Monday, Jul. 05, 1943
The Power Issue
Canada's third political party, the socialistic Co-operative Commonwealth Federation, polled but 8% of the votes at the last general election, against 55% for Mackenzie King's Liberal party and 31% for the Conservatives. But the sands of Canadian political popularity have been shifting since the 1940 election. A recent poll, showed CCF strength up to 21%, against a dwindling 35% for the Liberals and a stationary 31% for the revamped Progressive-Conservatives. CCF demands have become important.
Last week in a convention at Montreal the CCF of militant Quebec Province adopted a resolution demanding public ownership of all power resources in Canada. The resolution singled out the controversial $106,000,000 Shipshaw development in the hinterlands of Quebec (world's largest power dam, with the possible exception of Boulder), as a "scandalous exploitation of Canadian resources," made it a leading argument for public ownership, a vital campaign issue in the next election. To steer clear of interference with the war program, CCF tempered its resolution to read "at the end of the war."
Tireless CCF Leader M. J. Coldwell has been more voluble and outspoken on this Shipshaw finance than on the question of public ownership. Already producing power and scheduled for completion in November, Shipshaw was under construction 15 months before its existence was revealed last January. The Aluminum Co. of Canada had financed it to the hilt from contracts on future aluminum deliveries signed with the U.S., Britain and Australia. Primarily, the dam was built to supply power for the war production of aluminum. U.S. Secretary of Commerce Jesse Jones advanced $68,500,000 in fund's of the Metals Reserve Co. Great Britain advanced $55,600,000, Australia $10,000,000. Canada contributed an excess-profits tax write-off of $154,500,000 to the project.
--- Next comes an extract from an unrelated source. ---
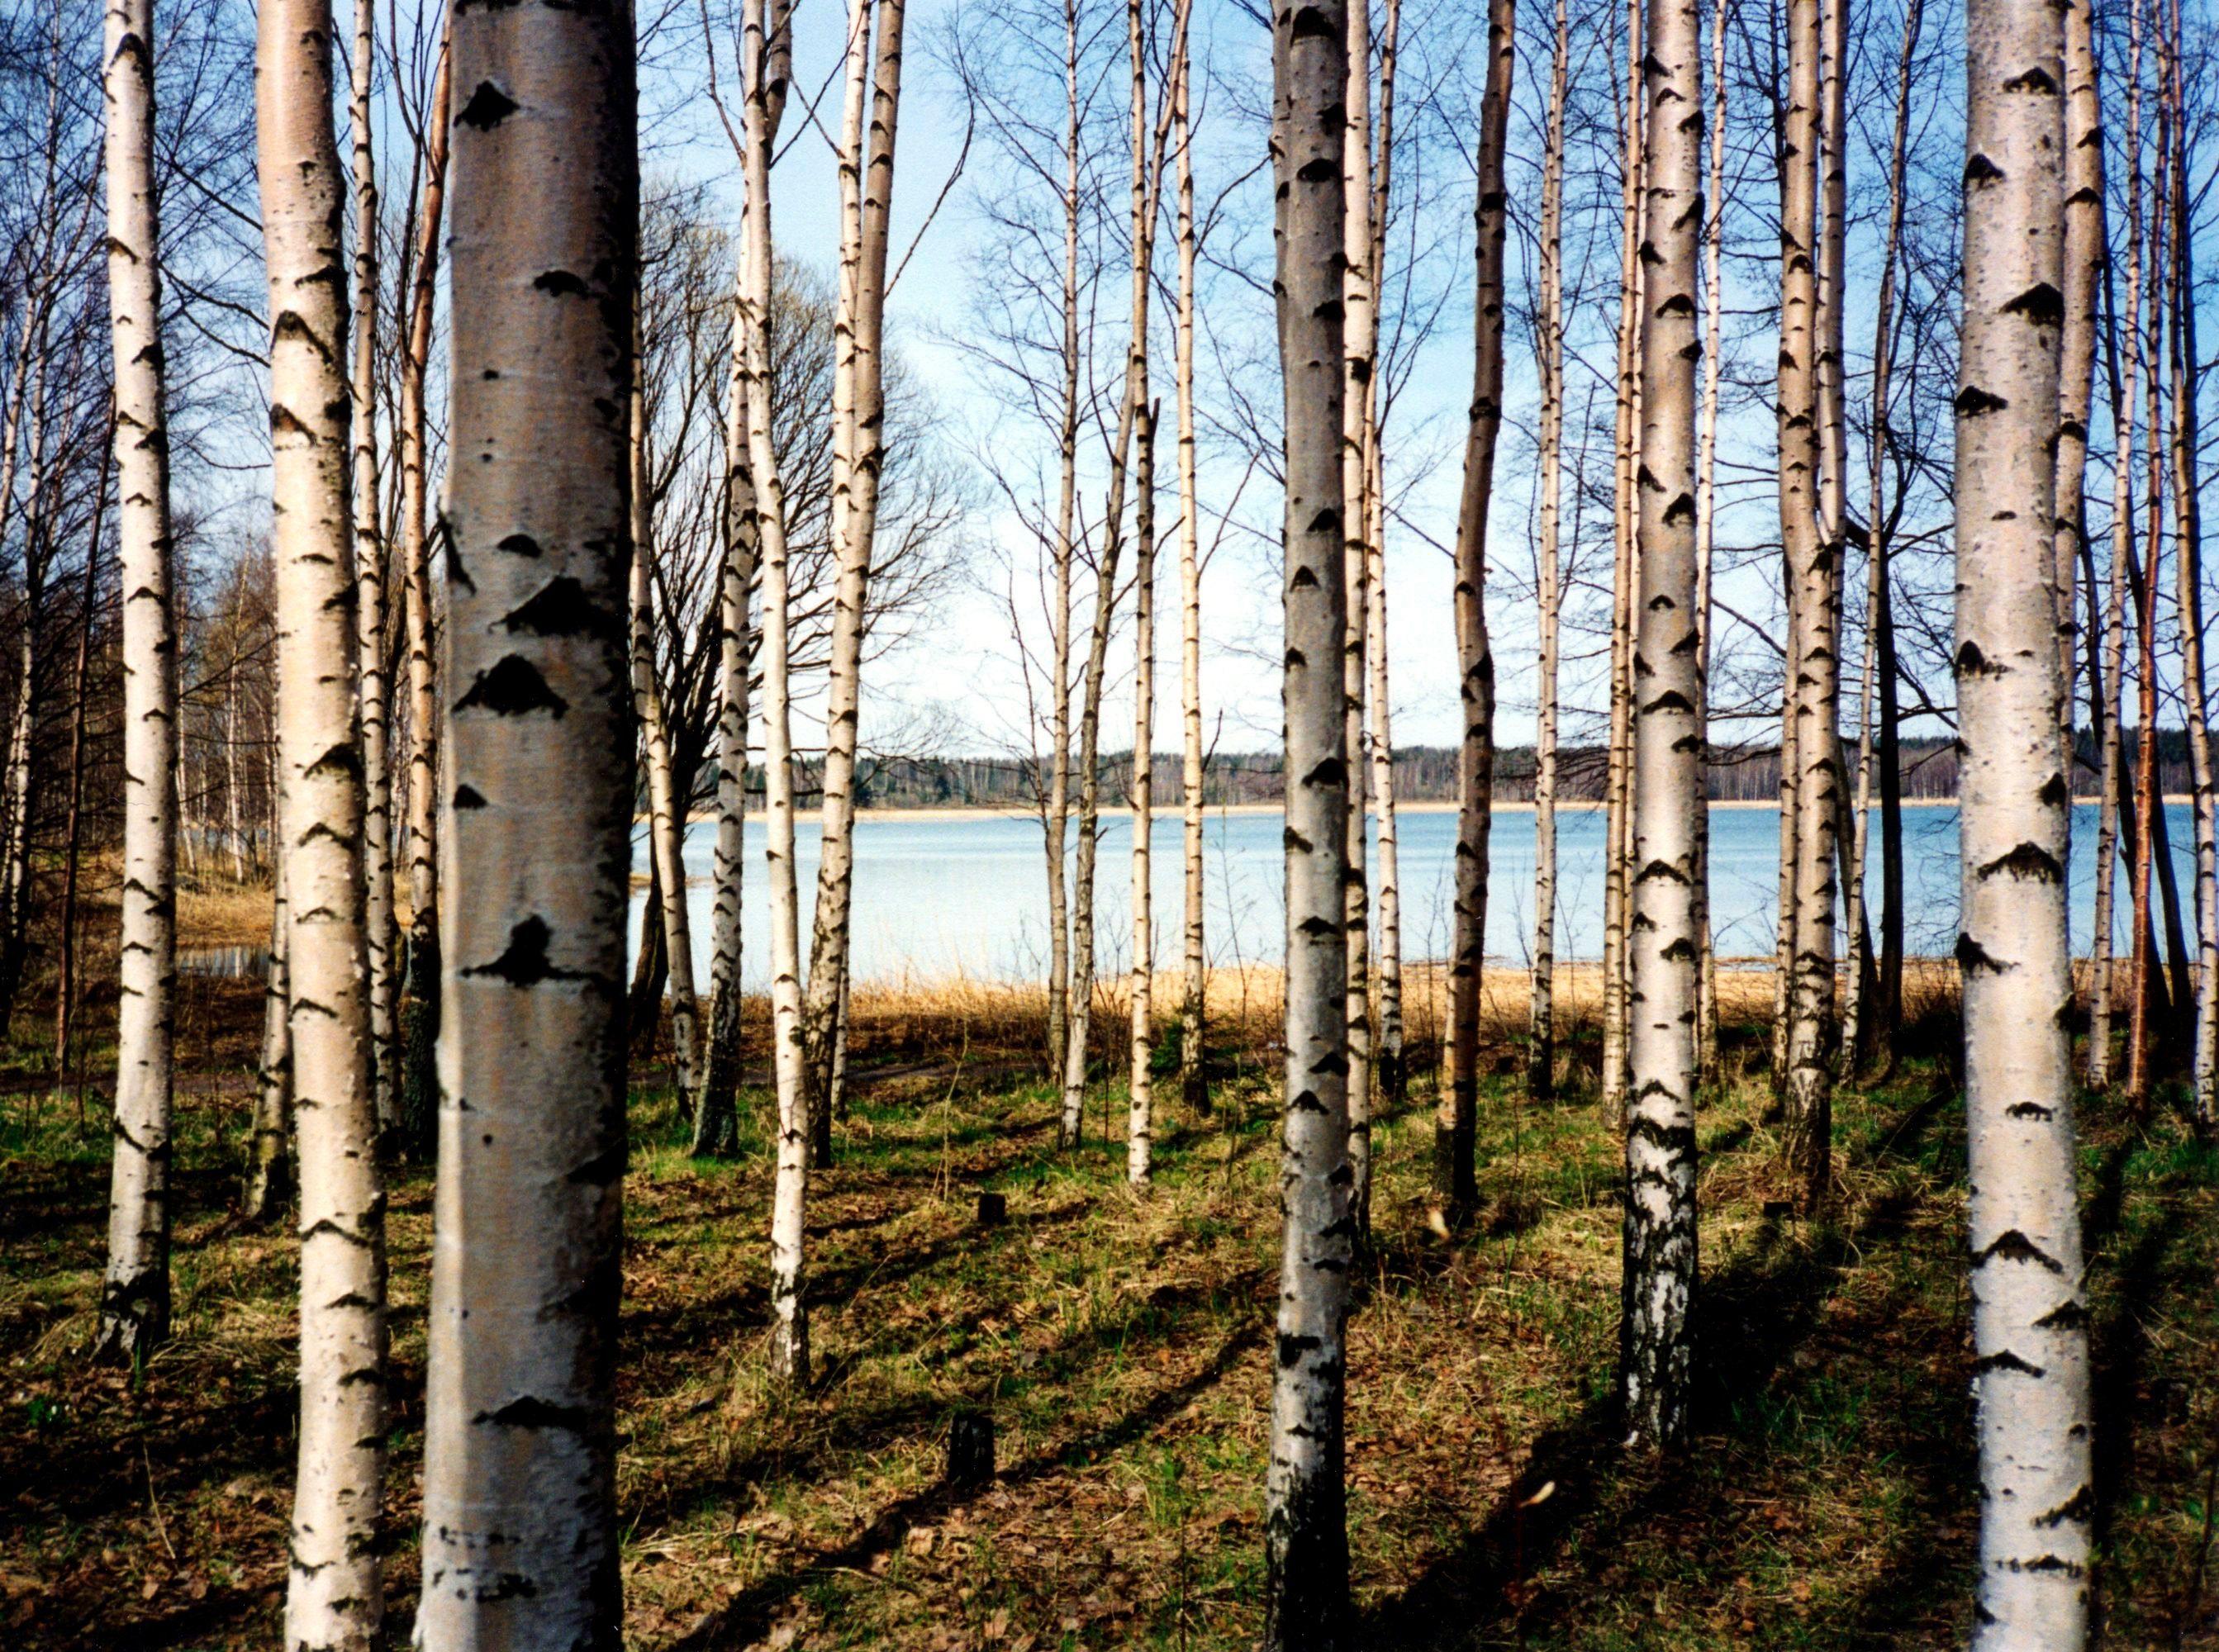 PAPERMOON Fototapete »Finnish Forest of Birch Trees«, BlueBack, 7 Bahnen, 350 x 260 cm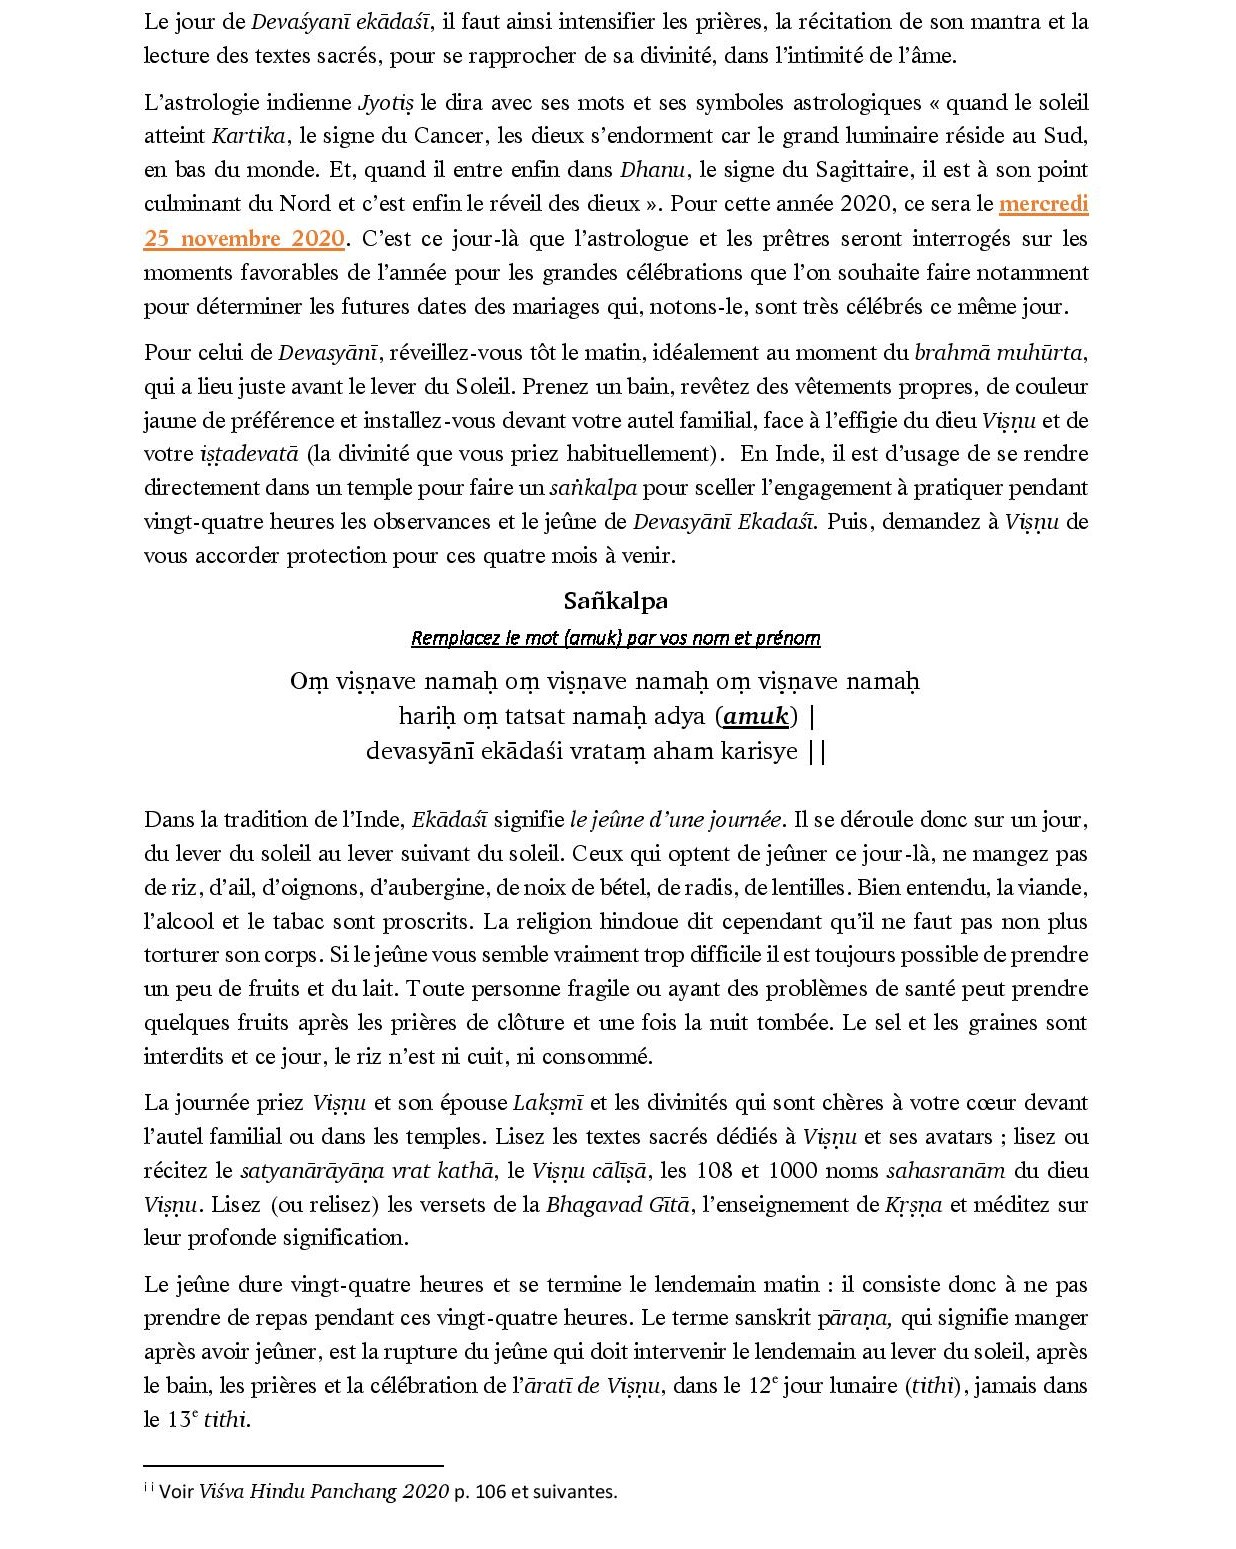 Devasyani ekadashi texte-page-002-1

Coldwell charges that the Aluminum Co. of Canada will pay for the dam from its contracts by the close of the war, will come out with "a monopoly which will dominate electric-power resources and the production of aluminum on the American continent and to a large extent throughout the world." The method of finance, he contends, makes the project a "virtual gift" to the aluminum interests, and "the greatest financial grab ever pulled off in . . . Canada." Shipshaw, insists he, must be seized by the Province of Quebec.